Cracking the Code: How Clustering Reveals Winning Strategies for Online Sellers
This post may contain affiliate links which means I may receive a commission for purchases made through links. I will only recommend products that I have personally used! Learn more on my Private Policy page.
In today’s digital economy, social media platforms have become powerful sales channels, with Facebook Live emerging as a game-changer for online sellers. From small business owners to established retailers, sellers use live streaming to showcase products, engage with audiences, and drive real-time sales. However, not all live-selling strategies yield the same results. Why do some sellers consistently attract high engagement, while others struggle to gain traction?
This is where machine learning, specifically, clustering algorithms comes into play. By analyzing engagement metrics such as likes, shares, comments, and reactions, clustering can help uncover hidden patterns in seller performance. In this post, we’ll explore how clustering techniques can be used to segment online sellers based on their engagement levels, identify key success factors, and optimize digital selling strategies.
Table of Contents
Understanding Unsupervised Learning and Clustering
Machine learning techniques can be broadly categorized into supervised and unsupervised learning. Supervised learning relies on labeled data to train models for classification or prediction tasks. However, in many real-world scenarios, we don’t always have labeled data. This is where unsupervised learning comes in.
What is Unsupervised Learning?
Unsupervised learning is a type of machine learning that identifies patterns in data without predefined labels. Instead of predicting a specific outcome, these models detect hidden structures within the dataset. One of the most commonly used unsupervised learning techniques is clustering, which groups data points based on their similarities.

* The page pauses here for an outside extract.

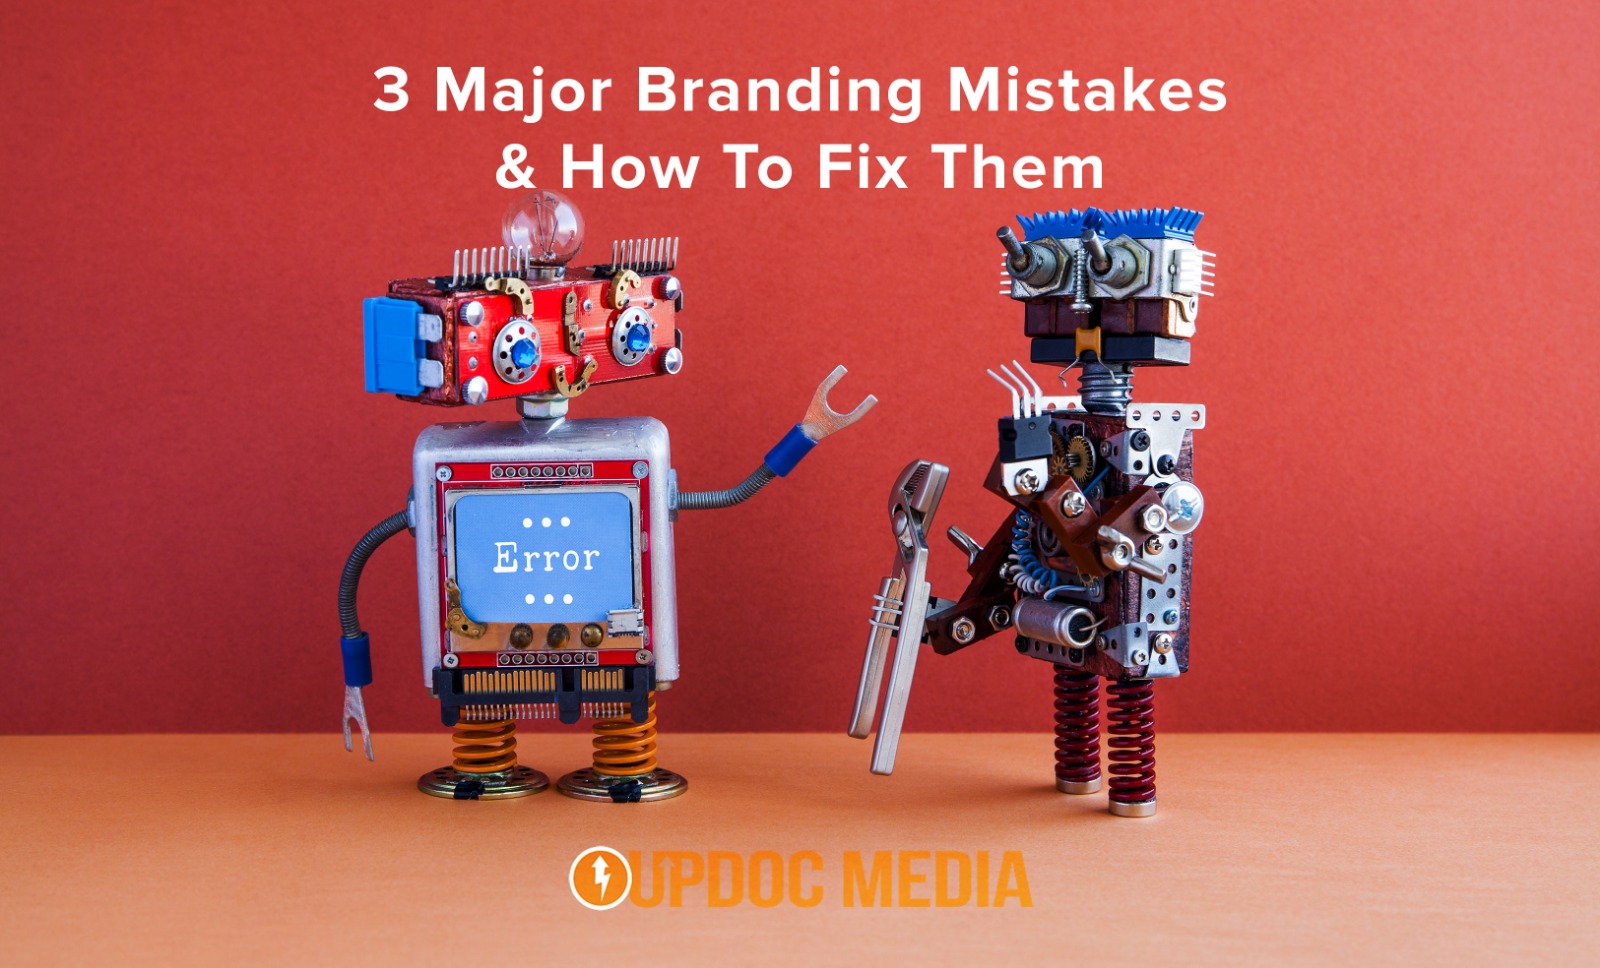 3 Major Branding Mistakes and How To Fix Them - UpDoc Media

Clustering and Its Importance
Clustering algorithms help uncover meaningful groupings within a dataset. This is especially useful in business analytics, customer segmentation, and social media insights. In our case, clustering can help categorize online sellers based on engagement metrics, allowing us to understand different seller behaviors and success patterns.
Some widely used clustering algorithms include:
- K-Means Clustering – Groups data into a predefined number of clusters based on similarity.

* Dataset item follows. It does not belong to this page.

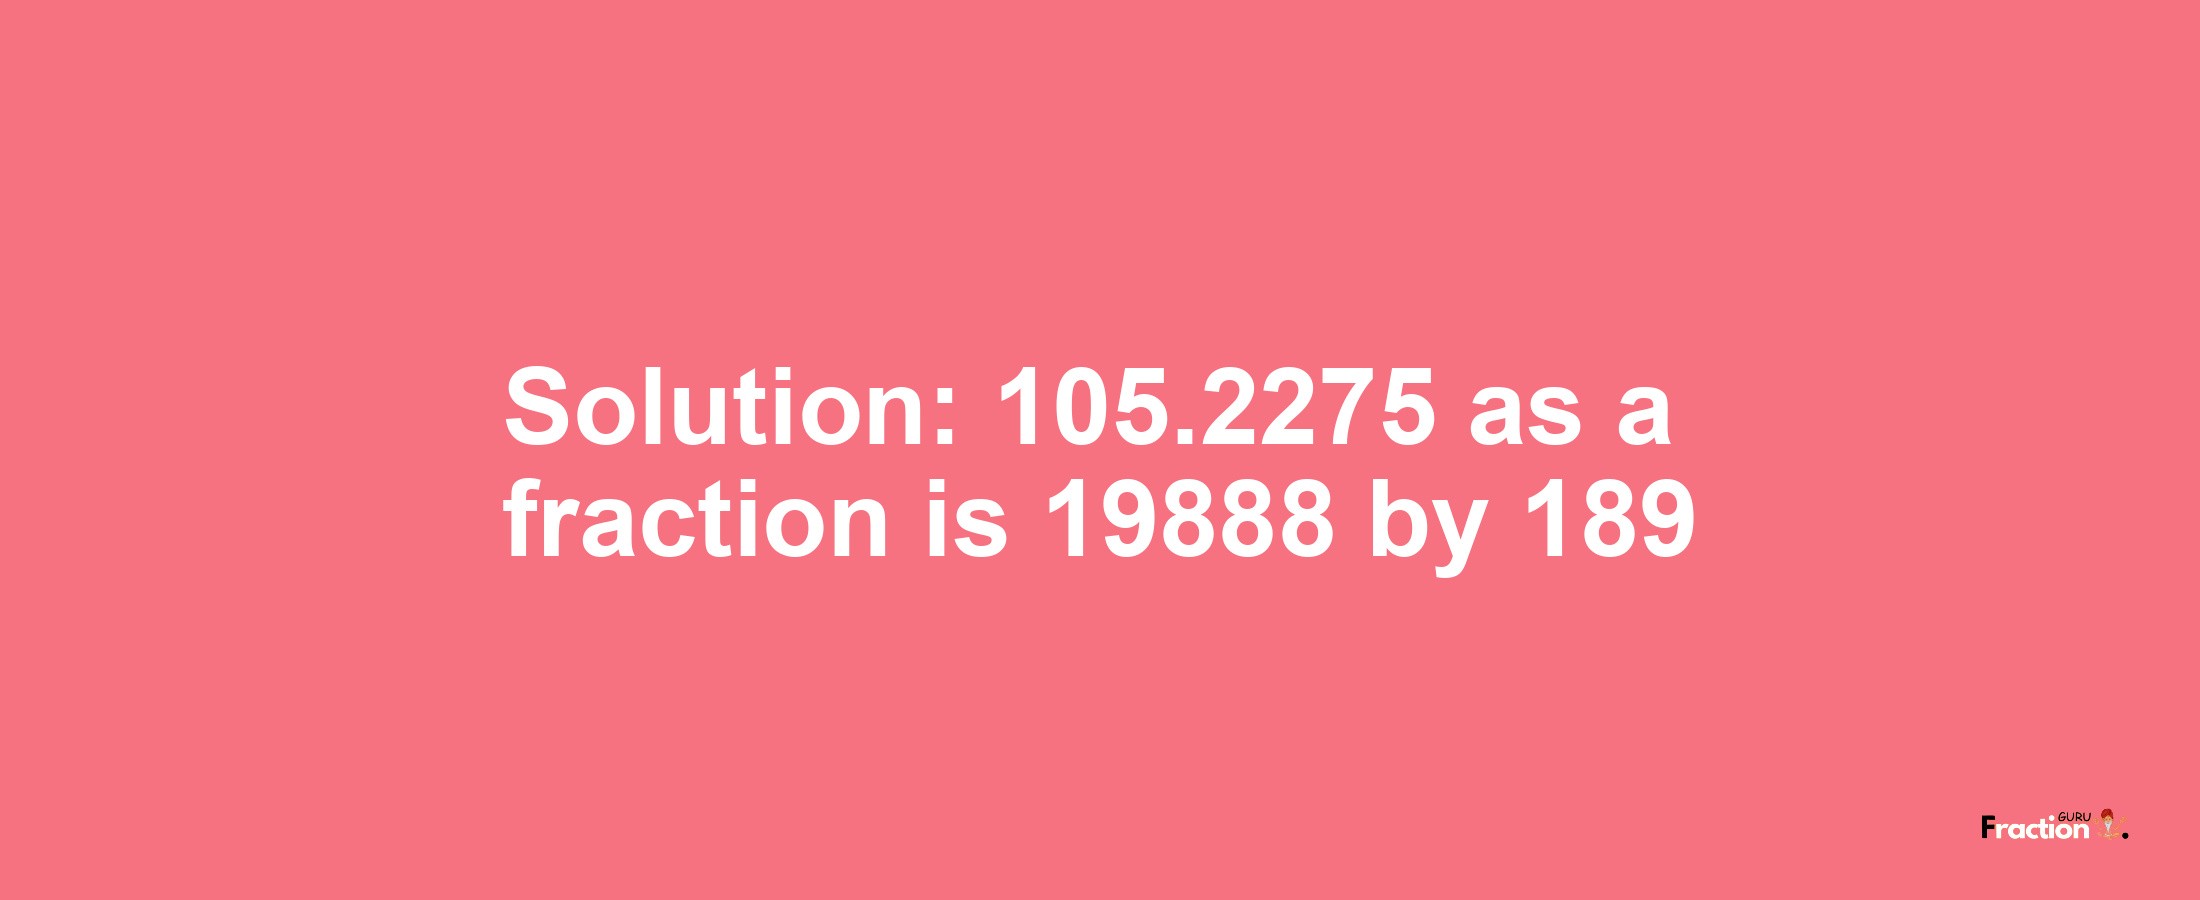 Solution:105.2275 as a fraction is 19888/189

- DBSCAN (Density-Based Spatial Clustering of Applications with Noise) – Identifies clusters based on density, useful for detecting outliers.
- Hierarchical Clustering – Builds a tree-like structure to visualize relationships between data points.

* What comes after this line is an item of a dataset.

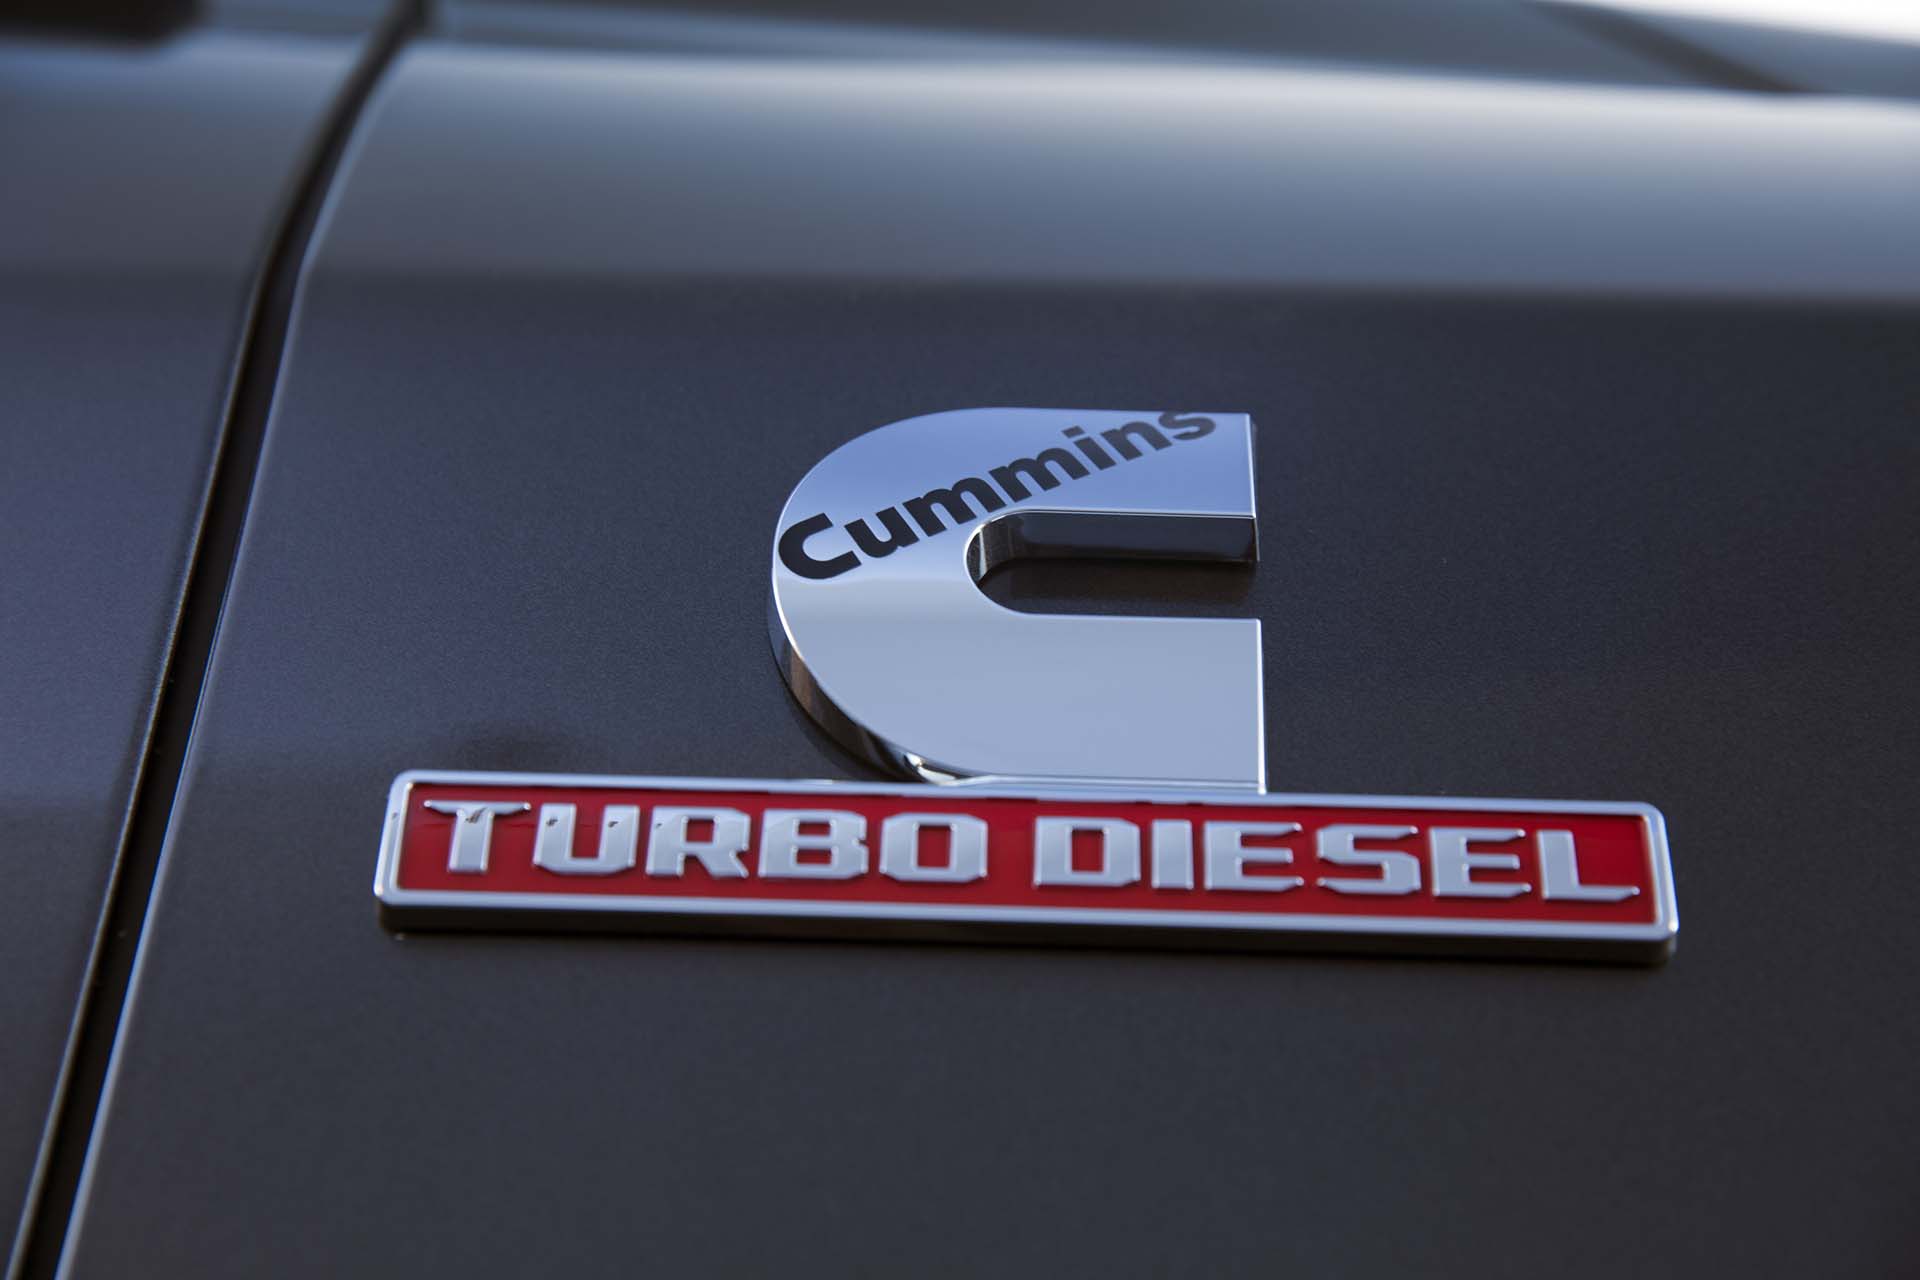 Cummins faces $1.7B fine for diesel Ram pickup emissions cheating

Applying Clustering to Facebook Live Sellers’ Engagement Data
In this blog post, we analyze a dataset containing 7,050 Facebook posts from 10 Thai fashion and cosmetics retailers, covering text posts, images, and videos (both live and pre-recorded). Each post has recorded engagement metrics, including:
- Likes (Traditional + Emoji Reactions)
- Comments
- Shares
Using clustering, we aim to segment sellers based on their engagement patterns. This will help identify:
- High-engagement sellers who receive strong audience interaction.
- Moderate-engagement sellers with average interaction levels.
- Low-engagement sellers who struggle to attract engagement.
By analyzing these clusters, we can extract insights into what drives success on Facebook Live and other content formats. In the next section, we’ll dive into how we can get the data for preprocessing, feature selection, and applying clustering algorithms.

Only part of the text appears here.